GVB: klap- of schuifraampjes? Echte airco? Rikus: Geen beweegbare
raampjes omdat dan de grootste aso het bepaalt. Airco niet, geeft in tunnels alleen maar
meer warmte; wel goede geforceerde ventilatie met enige koeling, wel behoorlijke
verwarming.
De stoelen zien wij het liefst in coachopstelling geplaatst.

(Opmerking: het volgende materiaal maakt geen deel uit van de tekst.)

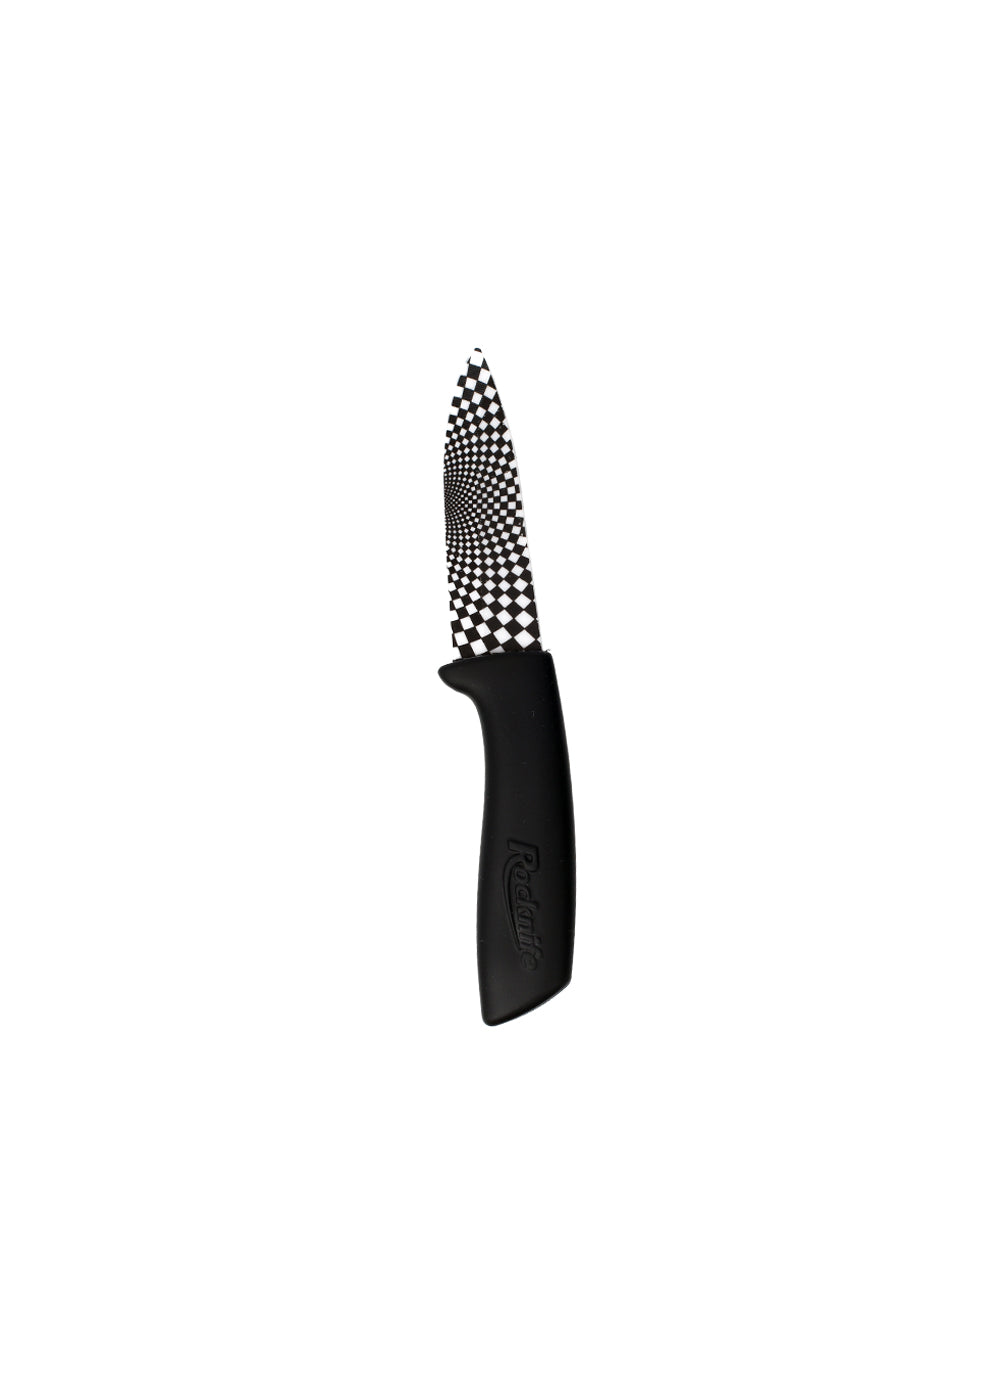 3 Inch Ceramic Kitchen Knife - Black

GVB: wil langsbanken. Rikus:
tegen, want minder comfortabel, reizigers worden op tenen getrapt, staande reizigers
vallen over uitgestoken benen.
Ter verbetering van de sociale veiligheid willen we, dat de metro’s over de hele lengte
doorkijkbaar en doorloopbaar zijn, zoals bij de nieuwste metro’s in Berlijn en op de
Parijse metrolijn 14.
GVB: gaat gebeuren. Er komen viertjes en tweetjes. Rikus: tweetjes
maar aan een kant cabine, zie Rotterdam. Zoveel mogelijk passagiersruimte.
Ook in de toekomst moet worden afgezien van automatische (na een aantal seconden)
deursluiting. Het sluiten van de deuren is een taak van de bestuurder en dat moet ook zo
blijven.
Rikus: maar op winterse dagen op eindpunten bovengronds wel selective door-
closing facility.
Het sluiten van de deuren dient niet alleen te worden aangekondigd door een hoorbaar
signaal, maar ook visueel (knipperlicht o.i.d.).
Optrekken en afremmen van de treinen dient vloeiend en zonder schokken te gebeuren,
zodat mensen prettig worden vervoerd, en ook niet ten val komen.
Door uitgekiend kleurgebruik dienen handgrepen, deuren en knoppen goed zichtbaar te
zijn.
Niet alleen aan de voor- en achterzijde, maar ook op de zijkanten dienen van buitenaf
lijnnummer en bestemming zichtbaar te zijn.
Met behulp van proeven in een mock-up dienen bovenstaande zaken te worden getoetst.
GVB: computersimulatie? Rikus: Nee, echte mock-up, ook leuk voor promotie.